** Task goal **
Pictures in the listing should not be copied. Reproduce, word for word, each line from the one holding "18c3953a1056d VINCE CAMUTO" through the final line.

** Supplied data **
══════
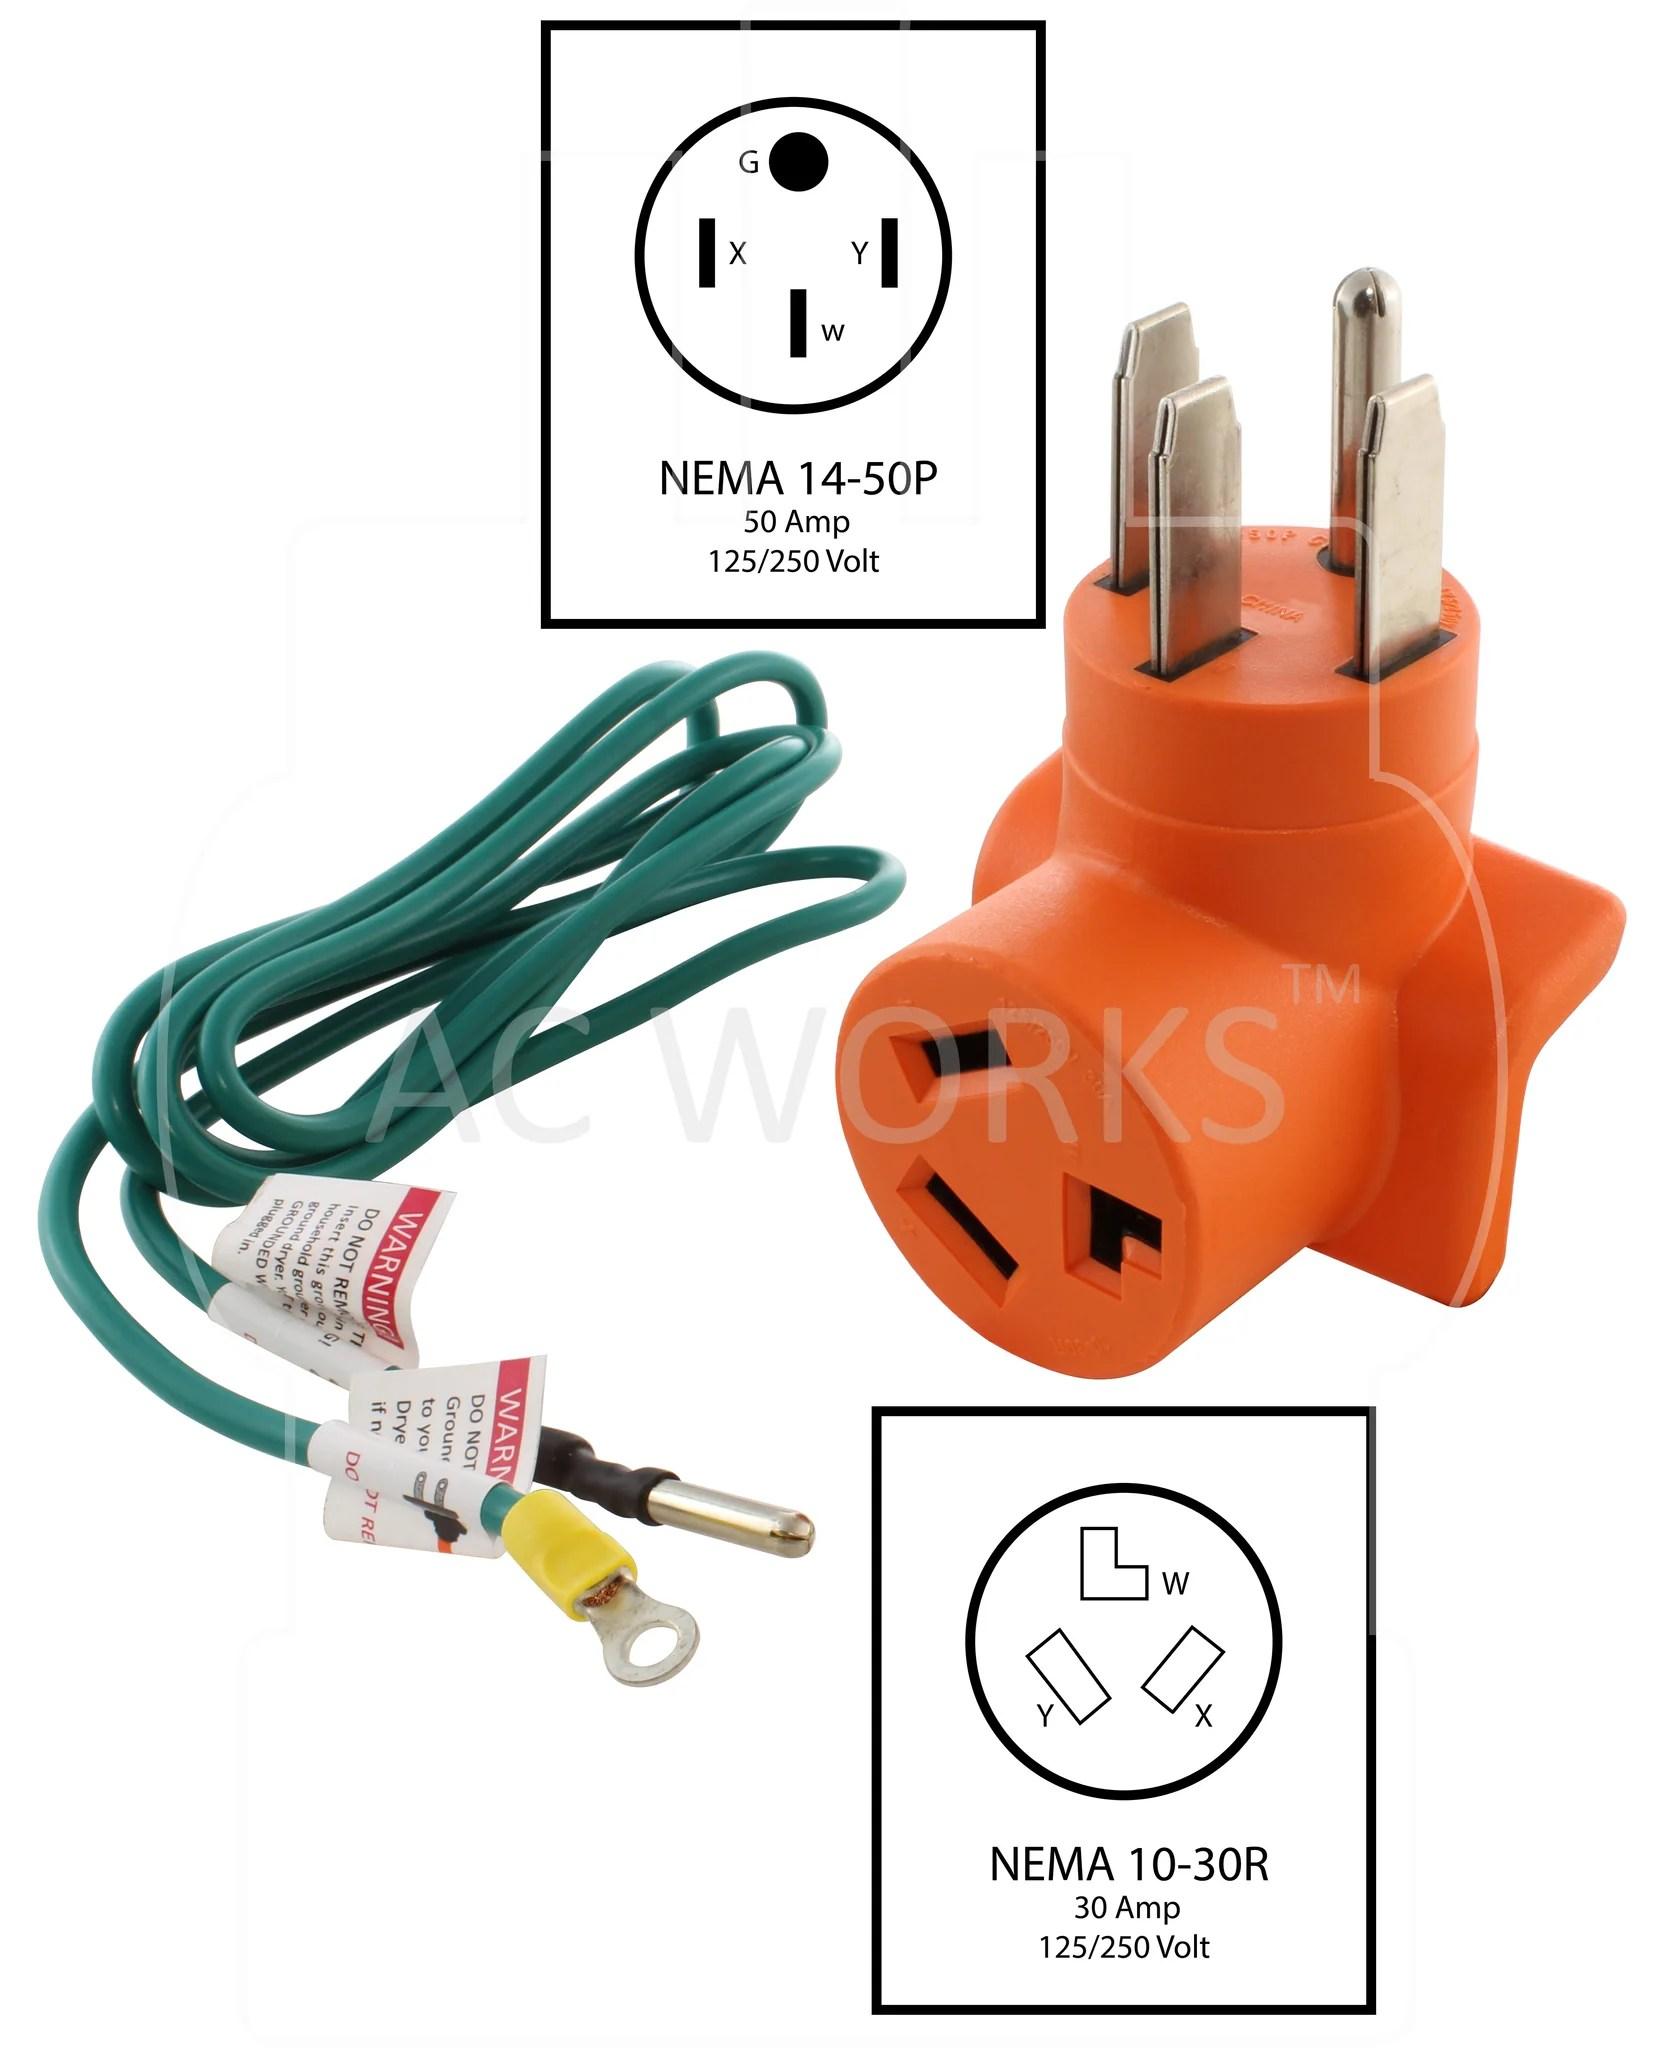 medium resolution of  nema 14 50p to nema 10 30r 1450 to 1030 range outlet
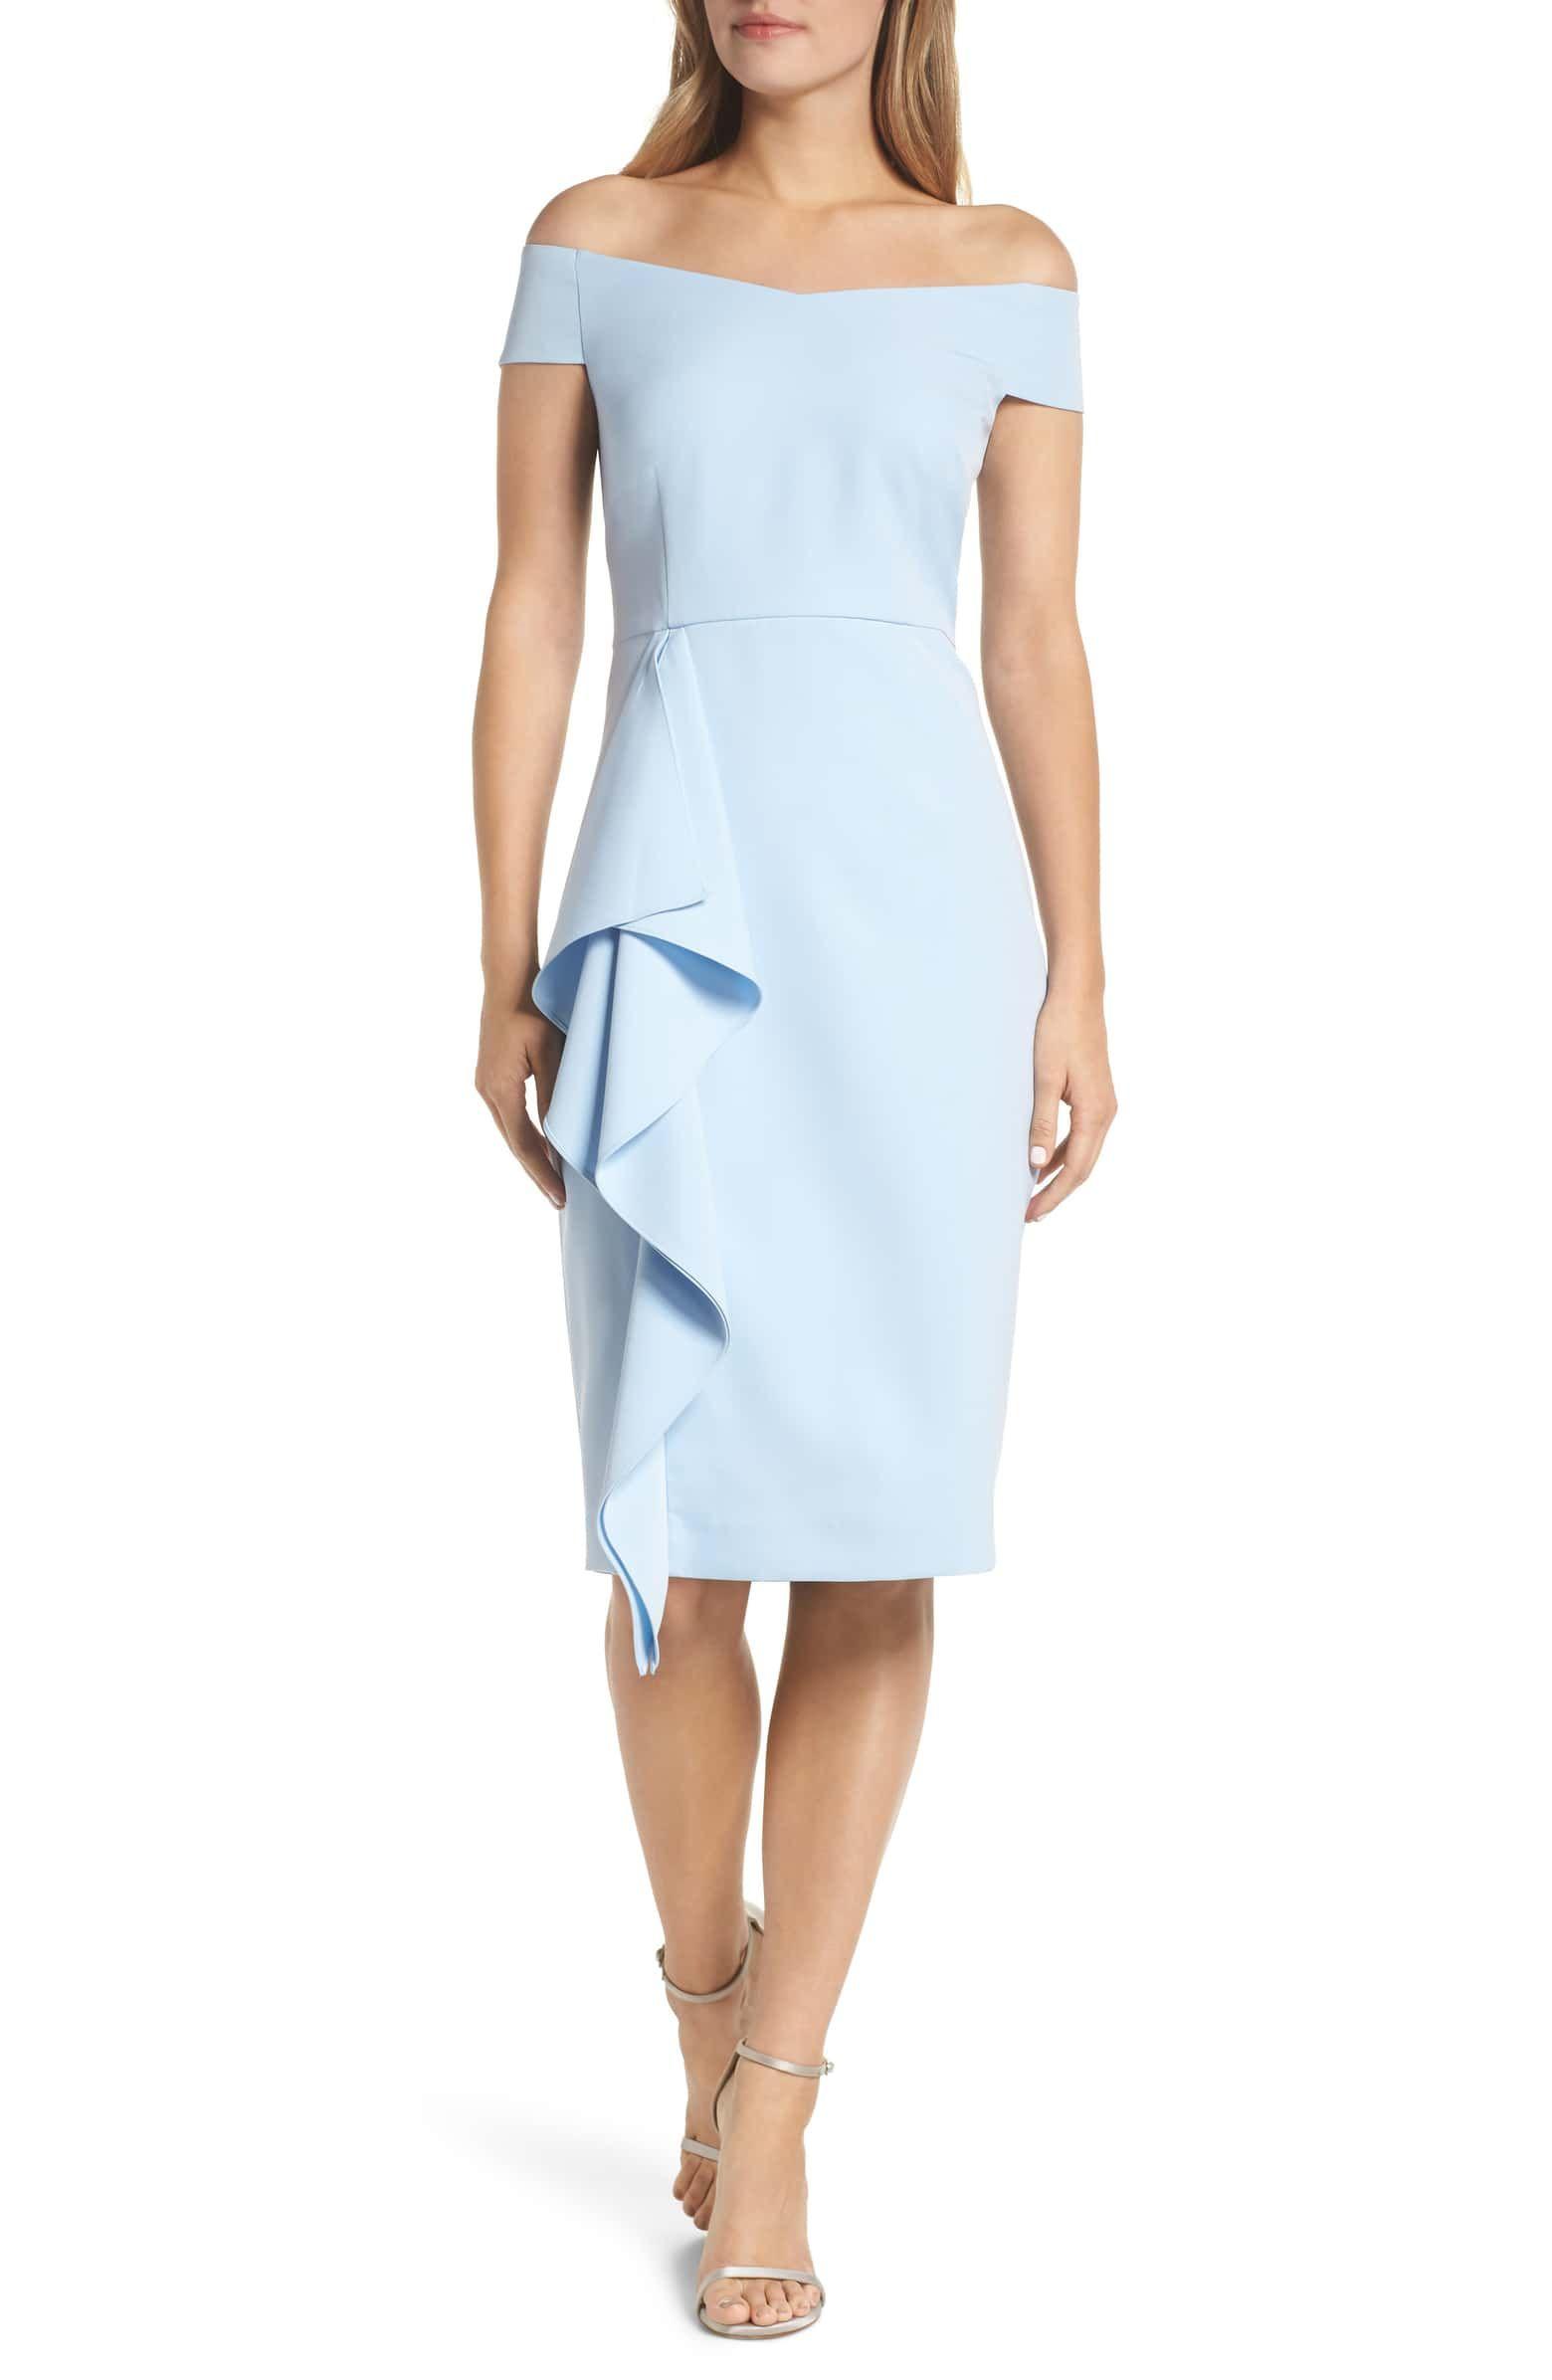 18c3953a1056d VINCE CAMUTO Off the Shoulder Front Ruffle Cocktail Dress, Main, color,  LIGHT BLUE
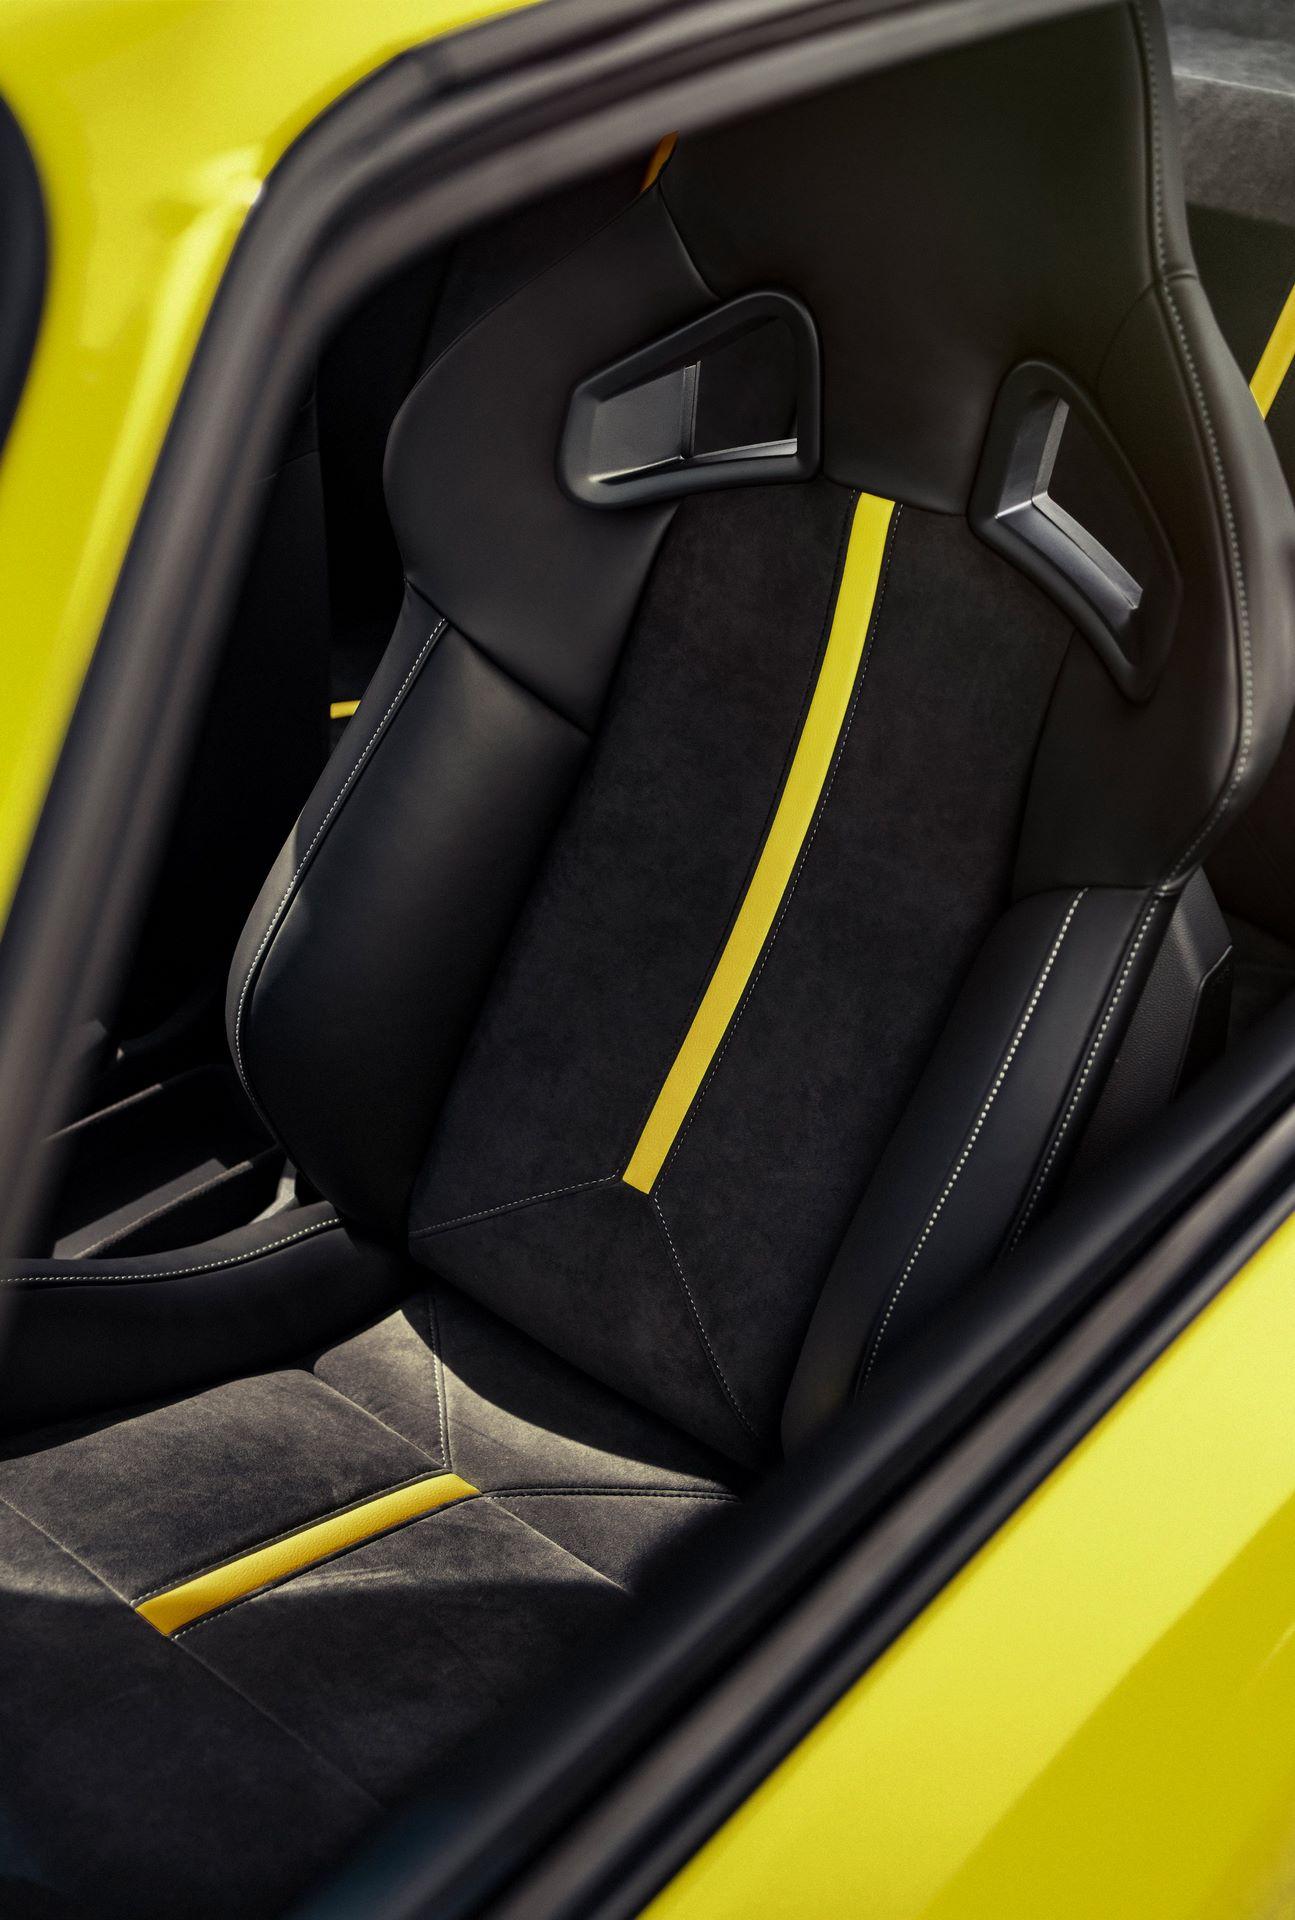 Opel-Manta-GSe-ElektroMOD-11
══════
** Written solution **
 18c3953a1056d VINCE CAMUTO Off the Shoulder Front Ruffle Cocktail Dress, Main, color,  LIGHT BLUE
 Opel-Manta-GSe-ElektroMOD-11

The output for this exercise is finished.